### Problem
Go to the line holding "Images: St. Charles" in the data below and repeat it exactly, then each line after it up to and including the one holding "02889 MEDAGLIA MEDAL". Omit pictures.

━━━━━ Working data

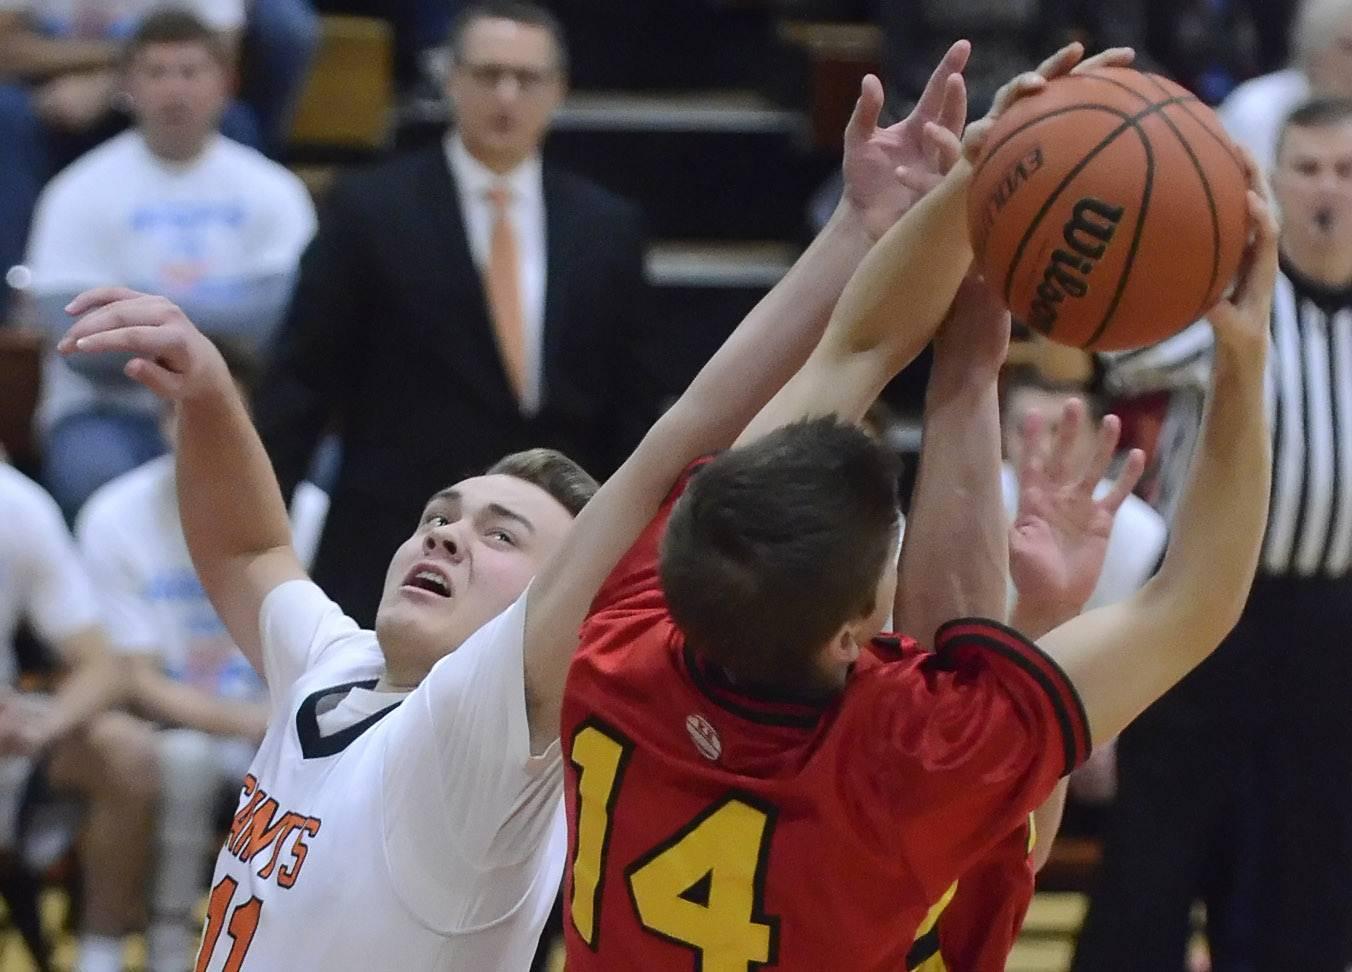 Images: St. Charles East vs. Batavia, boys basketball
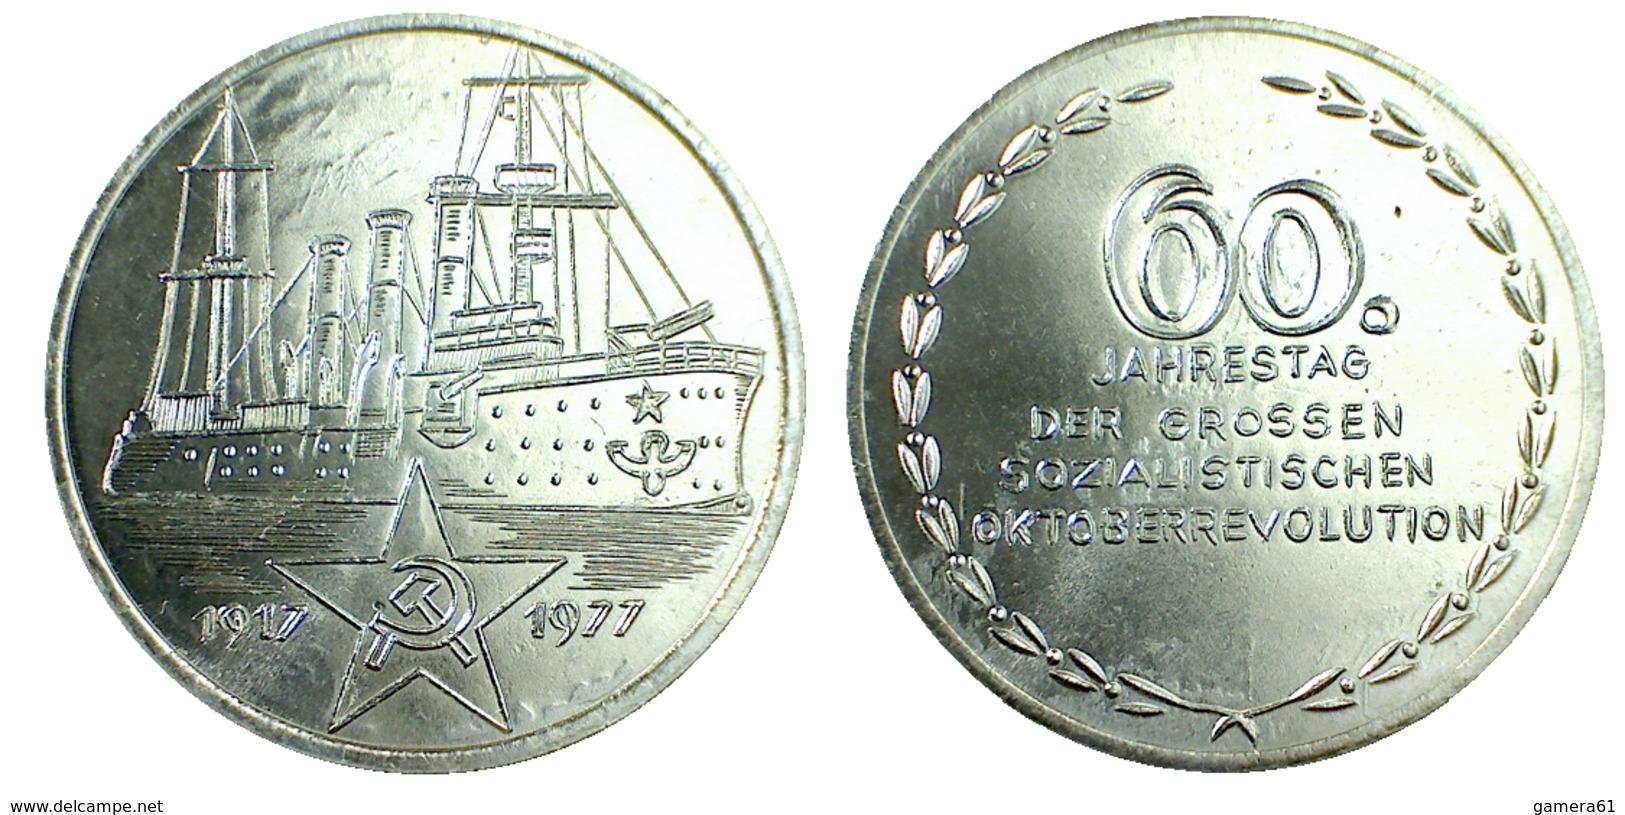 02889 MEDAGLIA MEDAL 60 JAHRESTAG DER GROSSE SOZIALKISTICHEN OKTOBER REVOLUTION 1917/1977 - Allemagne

━━━━━━━━━━
━━━━━ Working data

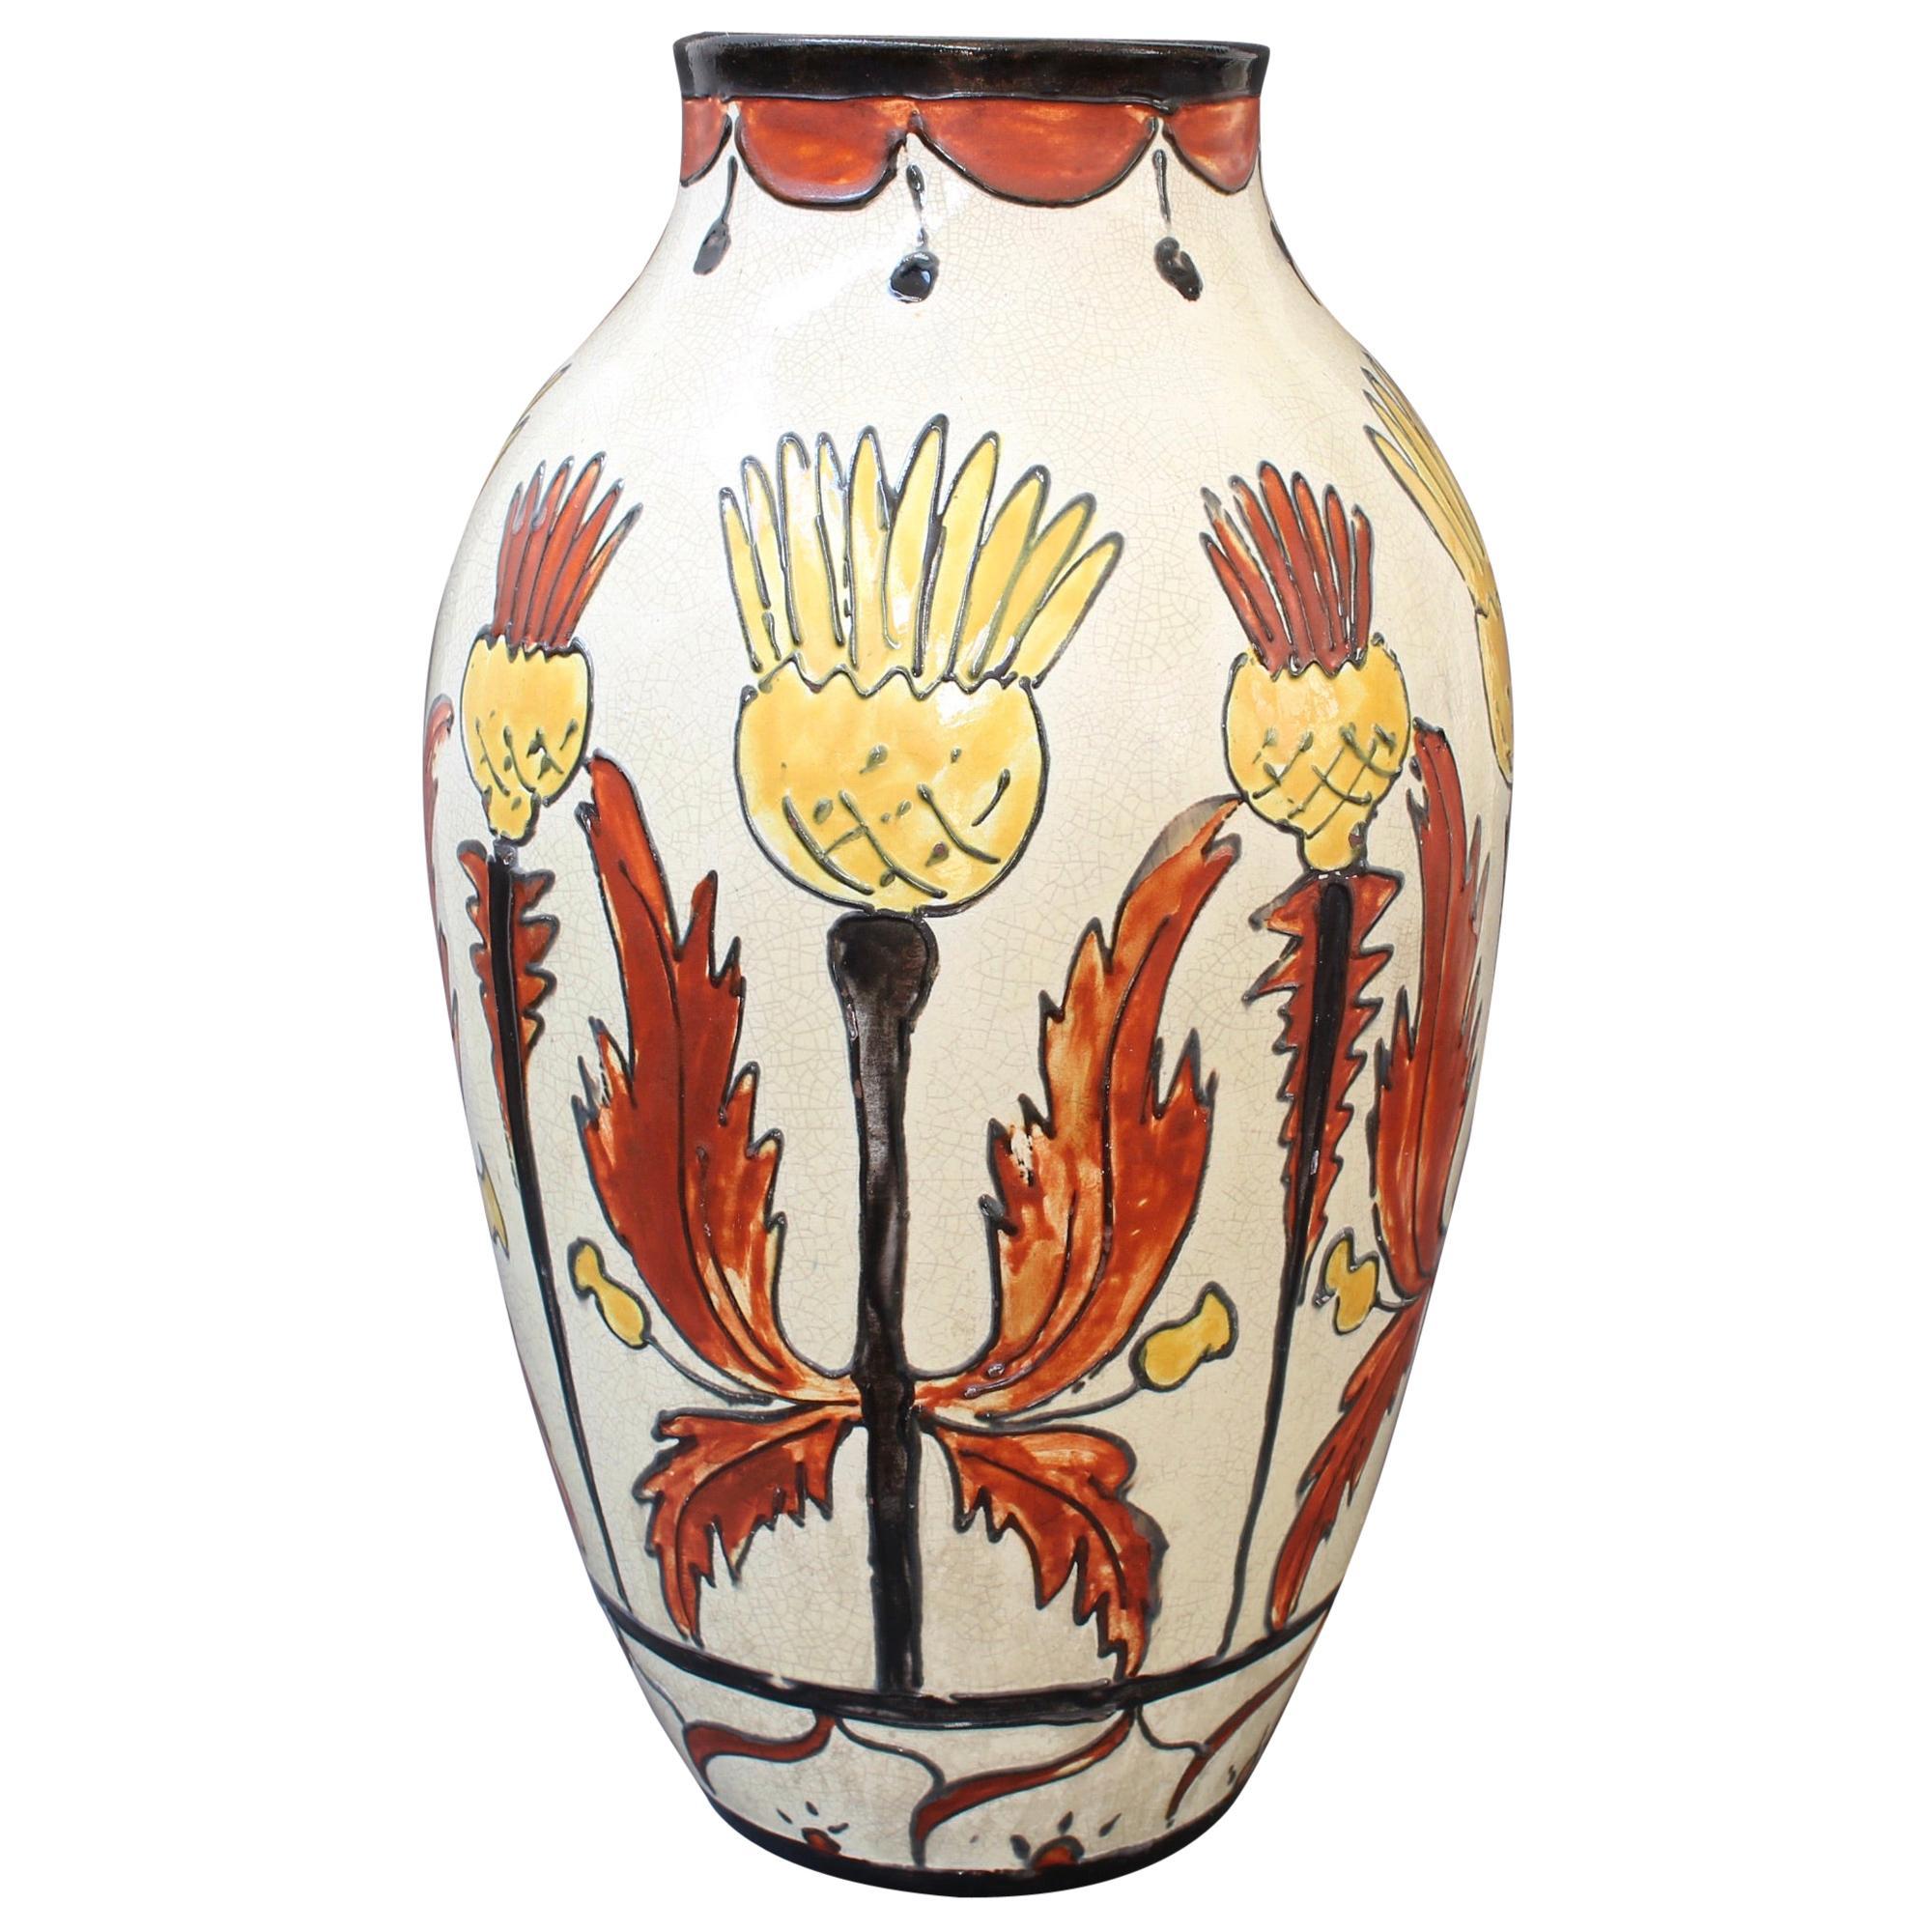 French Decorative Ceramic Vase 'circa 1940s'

━━━━━━━━━━

### Final answer
 Images: St. Charles East vs. Batavia, boys basketball
 02889 MEDAGLIA MEDAL 60 JAHRESTAG DER GROSSE SOZIALKISTICHEN OKTOBER REVOLUTION 1917/1977 - Allemagne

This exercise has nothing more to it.